Most public sector banks have emerged as major wealth destroyers in 2019 as they have been under pressure, despite recapitalisation and rate cuts, on asset quality issues, increase in bad loans, non-performing asset (NPA) divergence issues and low visibility of profit in the near future.
On a year-to-date basis, the Nifty PSU bank index has cracked 17 percent as against a 13 percent rise in the benchmark Nifty.
Allahabad Bank, Indian Bank, Central Bank of India, Oriental Bank, Union Bank of India and Bank of India have declined between 30-60 percent just in 2019. Other losers include Syndicate Bank, J&K Bank, Punjab National Bank, Canara Bank and Bank of Baroda, which have dipped between 15-25 percent in this time.
However, State Bank of India (SBI) has been an exception, gaining around 12 percent in 2019. SBI, which was trading around Rs 295 at the beginning of the year is now at Rs 335 per share, up 45 percent. The bank hit its all-time high level of Rs 373.70 on July 18, 2019, and a 52-week low of Rs 244.35 on October 9, 2019.
For Q2, the bank reported a net profit for the September quarter to Rs 3,011.73 crore. The lender had posted a profit of Rs 944.87 crore in the same quarter last year. However, recently, Reserve Bank of India found that SBI has under-reported bad loans by Rs 11,932 crore in the year ended 31 March 2019.

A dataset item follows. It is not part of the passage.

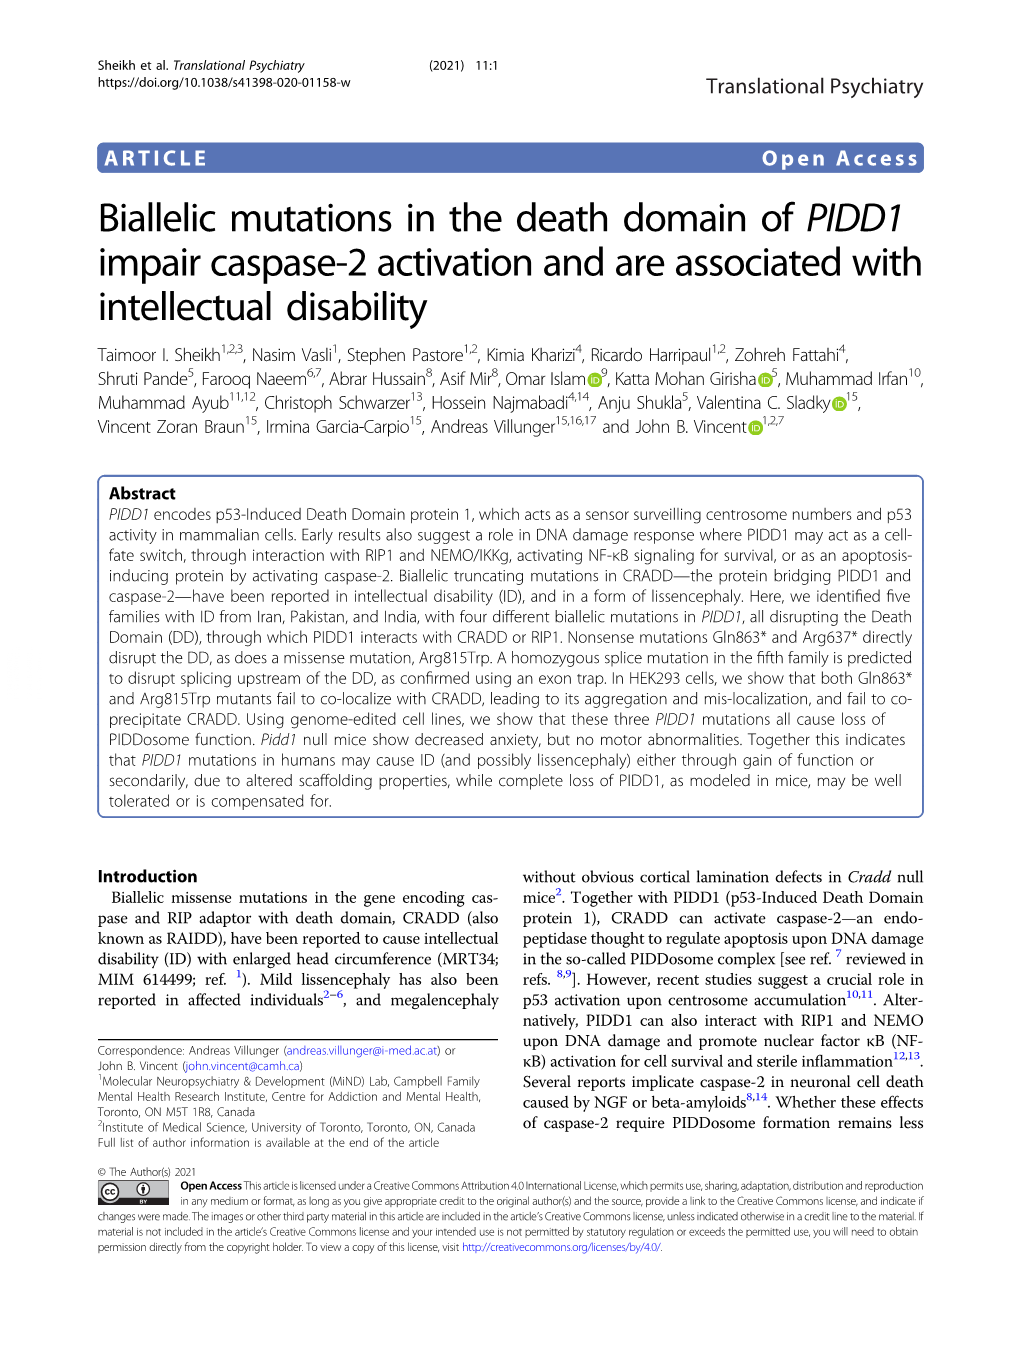 Biallelic Mutations in the Death Domain of PIDD1 Impair Caspase-2 Activation and Are Associated with Intellectual Disability Taimoor I

The bank had reported Rs 65,895 crore net NPAs during the year, while the RBI assessed it at Rs 77,827 crore, leaving a gap of Rs 11,932 crore. The divergence in provisioning also increased by Rs 12,036 crore for the fiscal ended March 2019. However, among PSU banks, SBI is the most preferred stock for most analysts.
"SBI’s significantly large and strong liability franchise gives it a strong CoF advantage giving it market-making leadership in certain key product segments in retail and undisputed leadership in the corporate segment. This has driven the strong core earnings," India Nivesh said in a report.
It added that the recent resolution of a large stressed steel asset is finally beginning to set in motion long-awaited recoveries from written-off assets and this should translate the push up the normalised core operating profit assets resulting in a stronger bottom line.
Coupled with an upward bias to SBI’s banking business valuation, the brokerage believes SBI provides strong upside potential.
However, for the overall PSU Bank sector, BOB Capital has a bleak outlook for FY20. It does not expect any material improvement in credit growth for FY20. At the same time, as public sector banks grapple with the mega consolidation exercise, private banks will be able to step in and augment market share, it added.